> _Exercise_:
Print the data exactly. Pictures stay out.

[Opening Given information section]

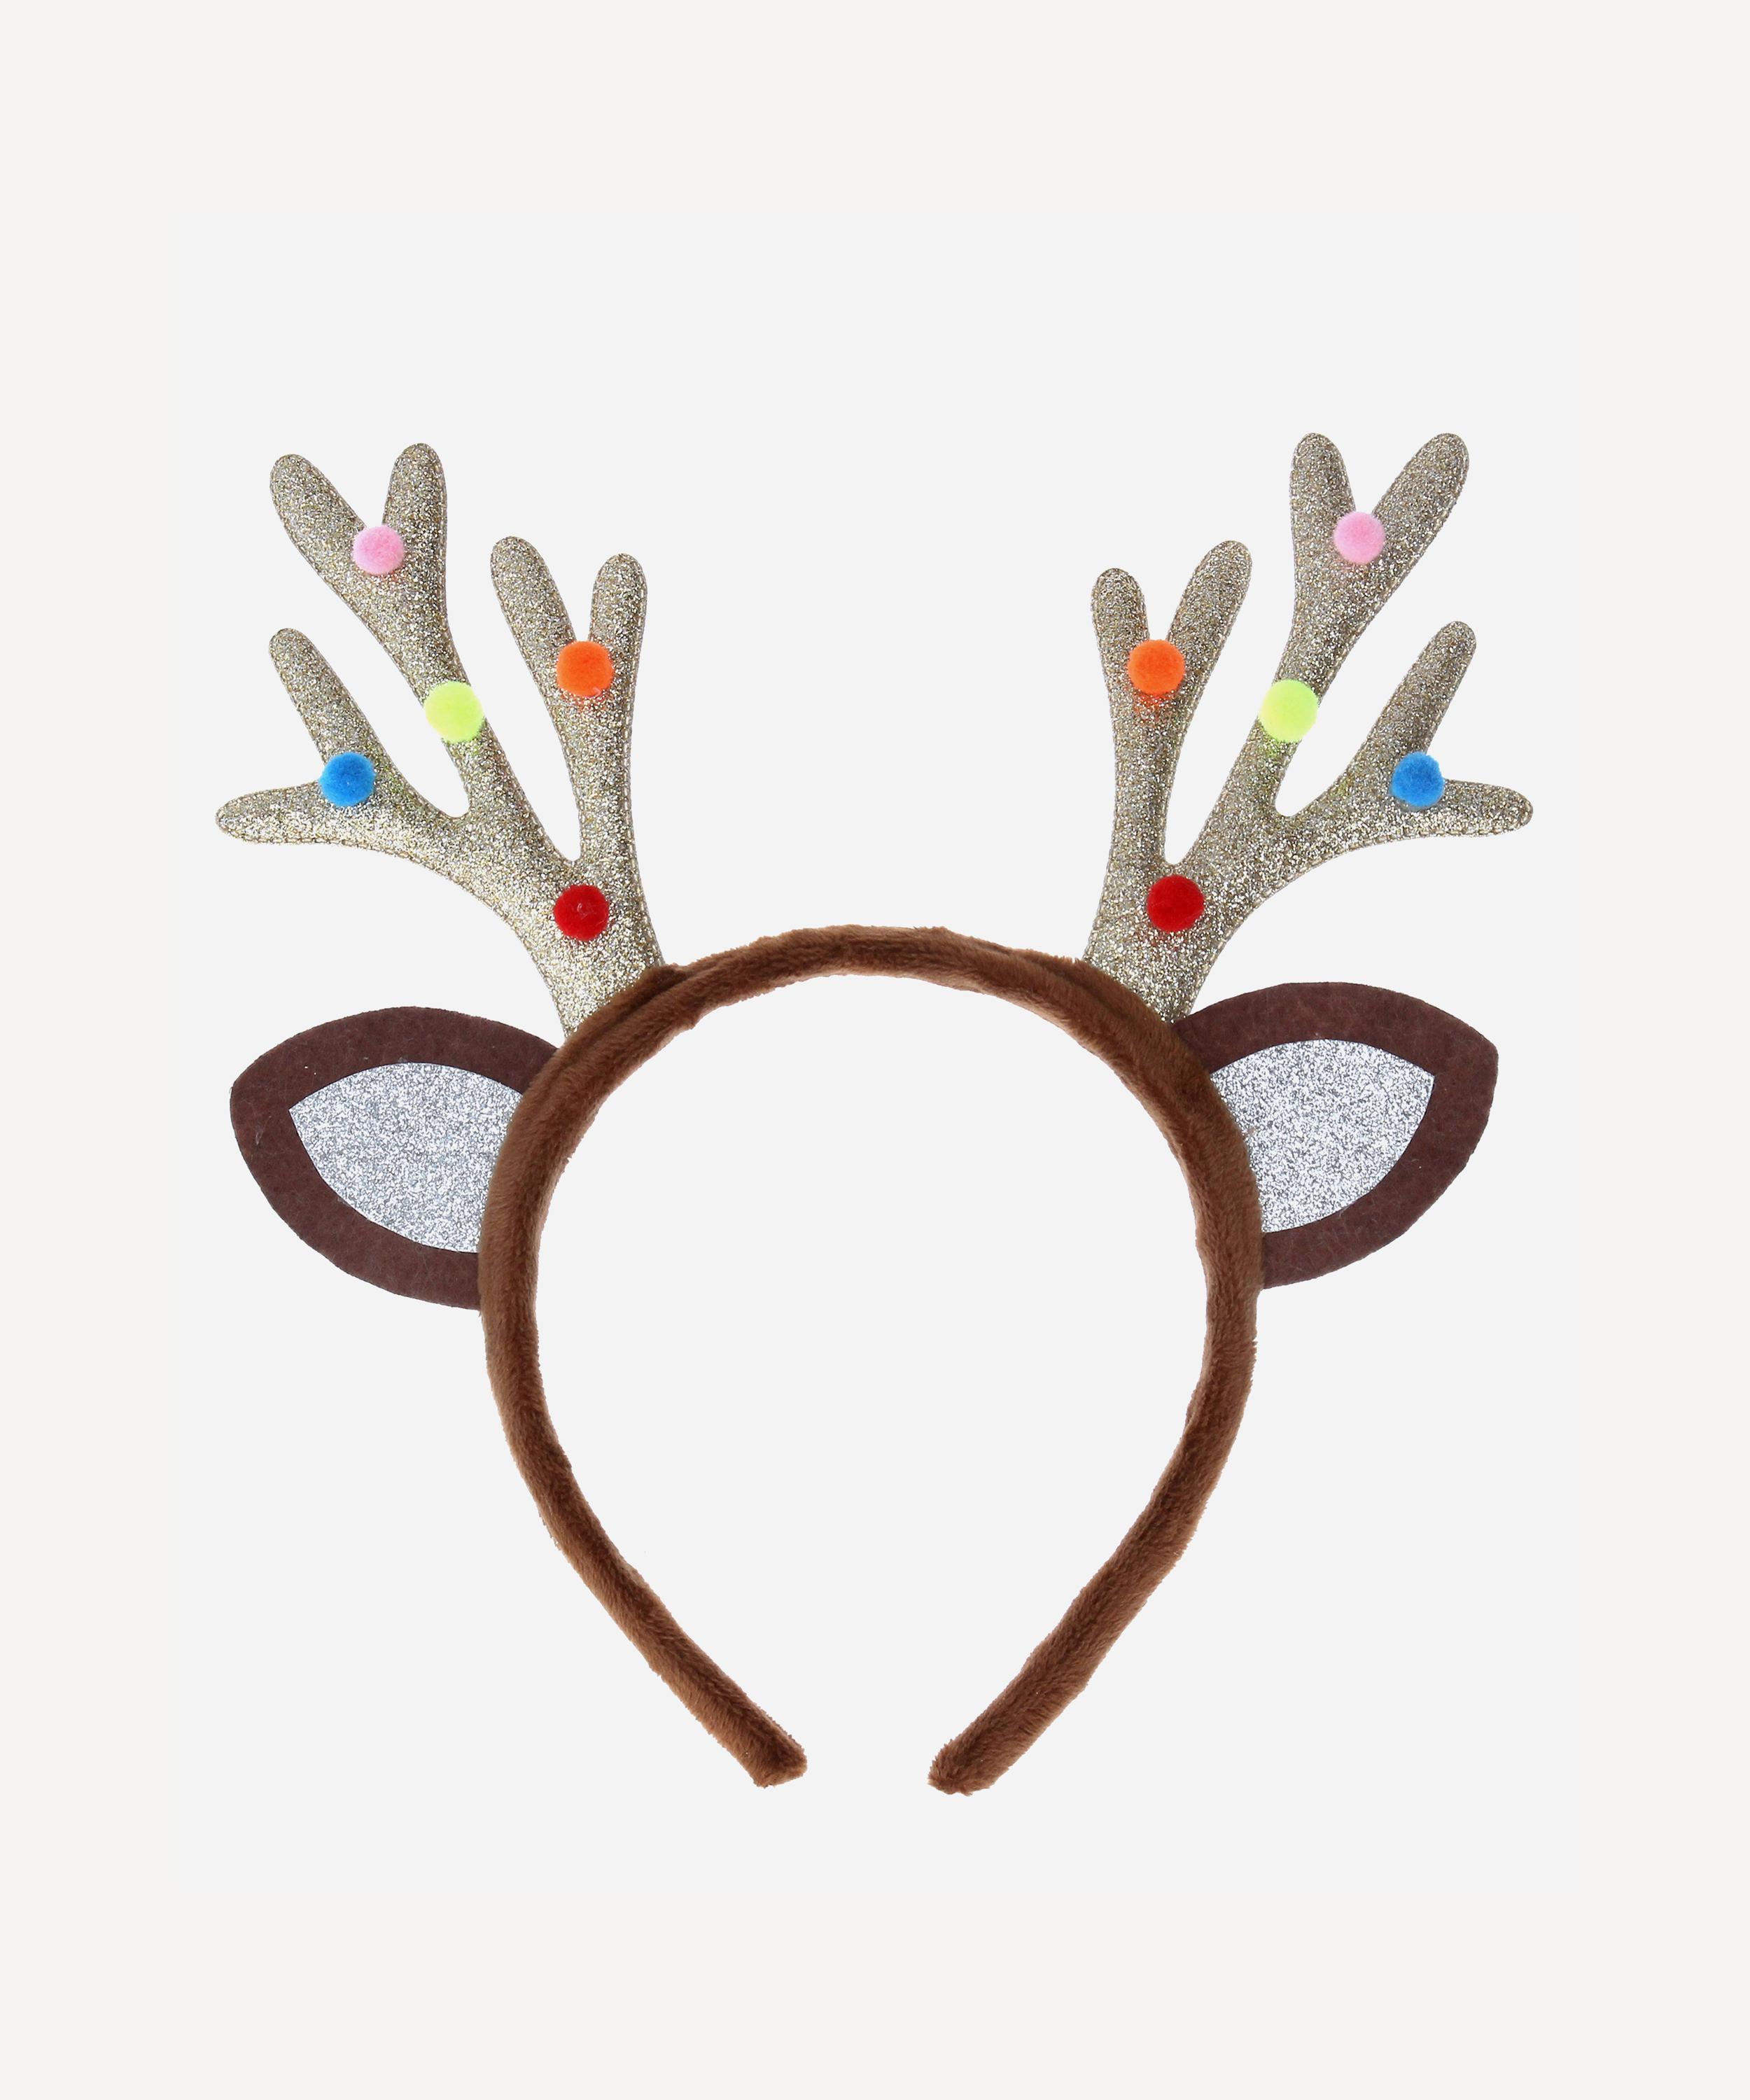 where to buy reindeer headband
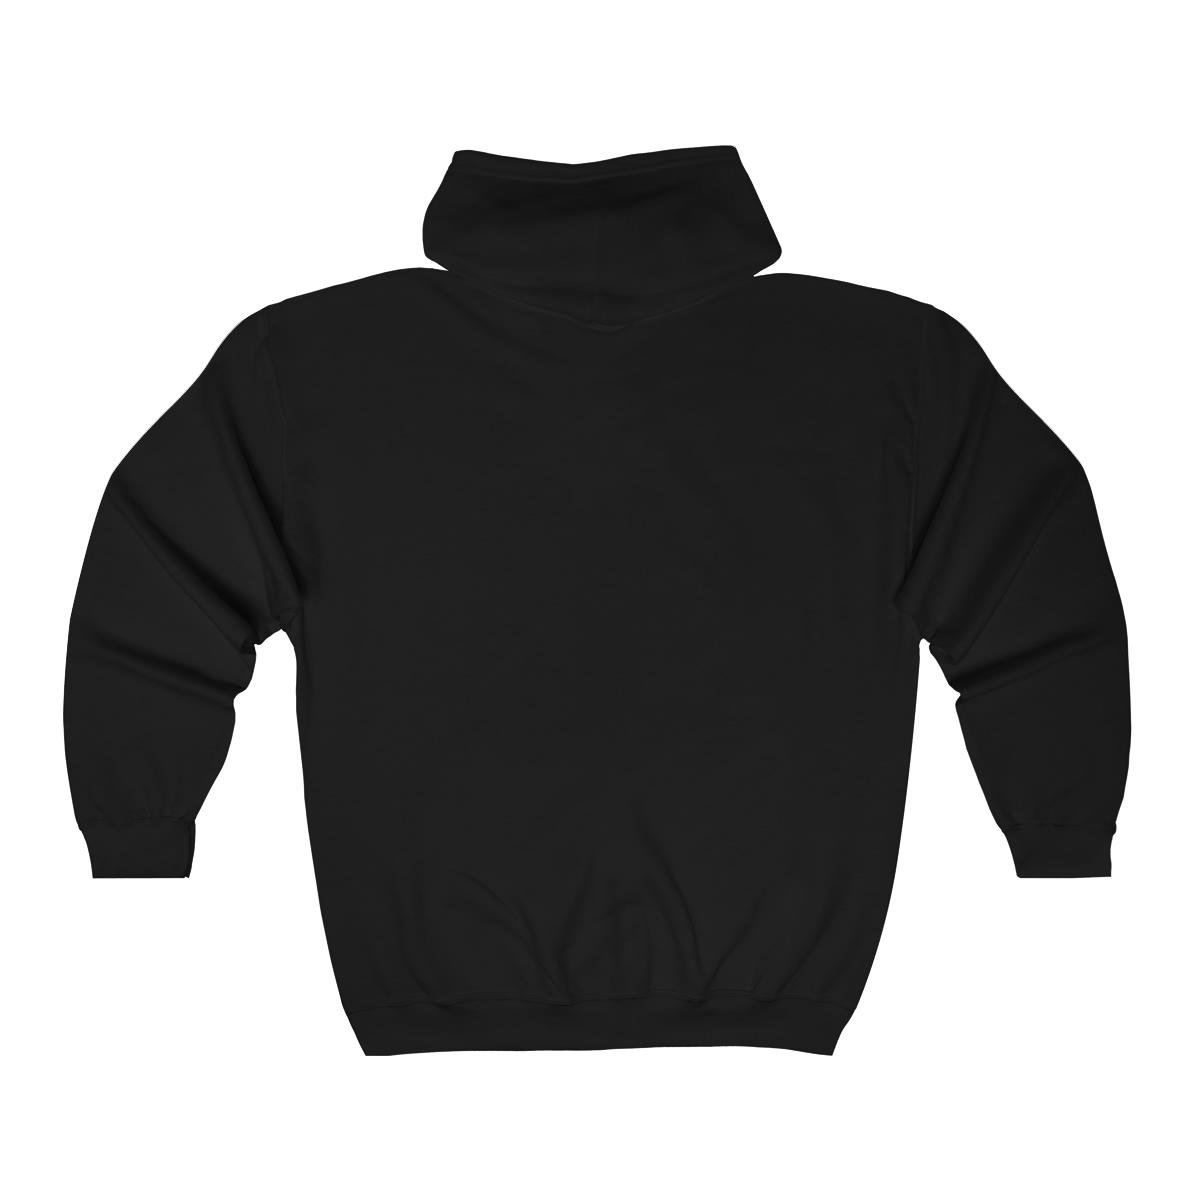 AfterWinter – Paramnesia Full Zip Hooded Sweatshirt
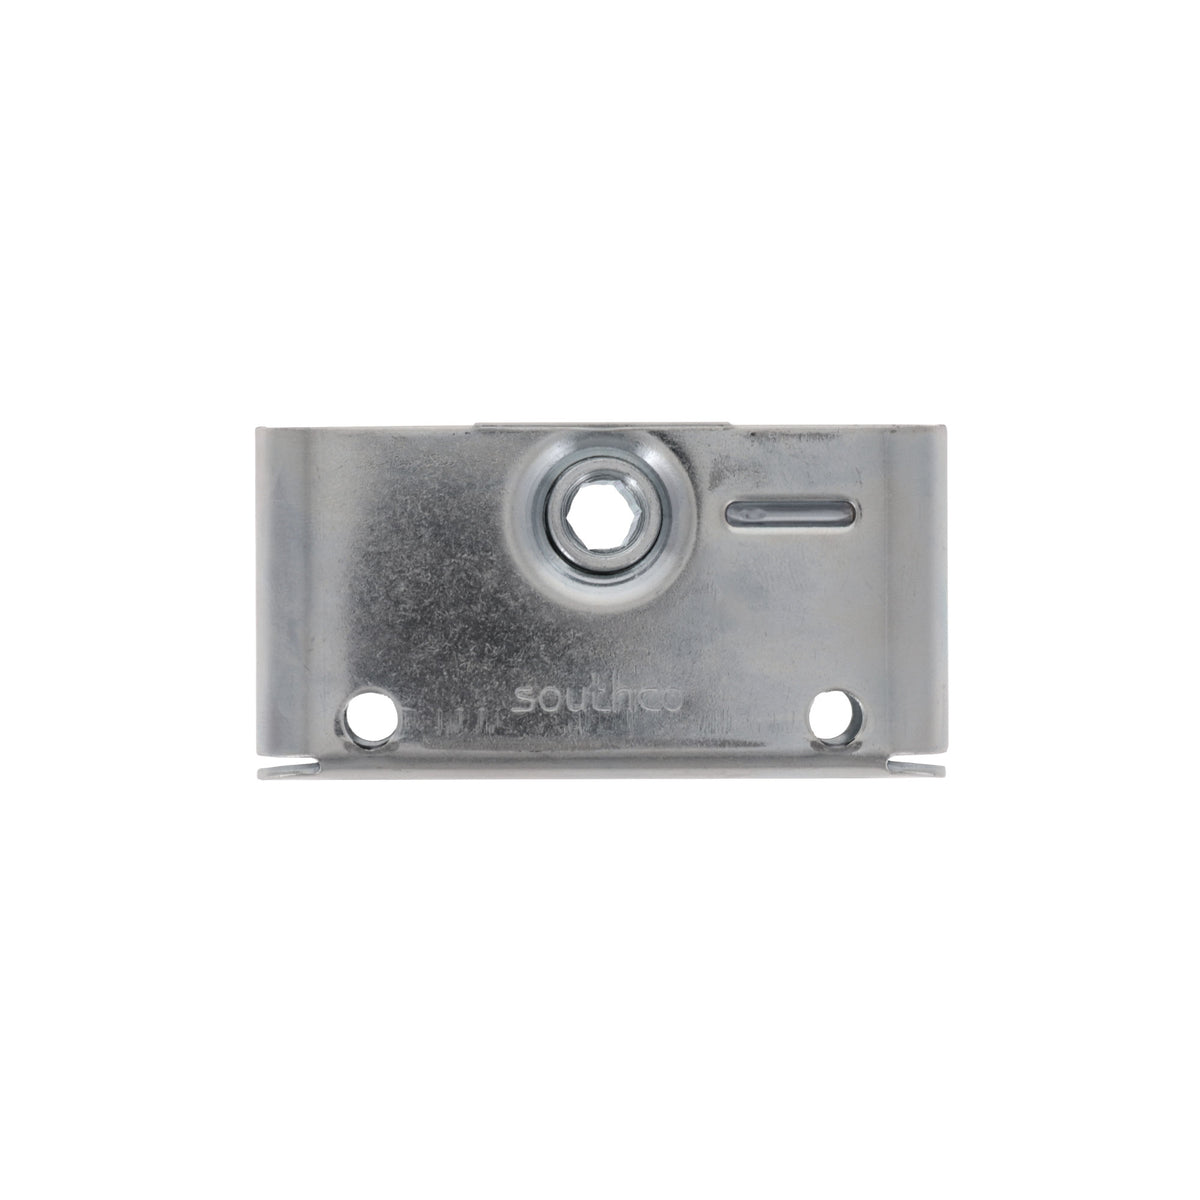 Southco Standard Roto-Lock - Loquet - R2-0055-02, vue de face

[Closing Given information section]

> _Your response_:
 where to buy reindeer headband
 AfterWinter – Paramnesia Full Zip Hooded Sweatshirt
 Southco Standard Roto-Lock - Loquet - R2-0055-02, vue de face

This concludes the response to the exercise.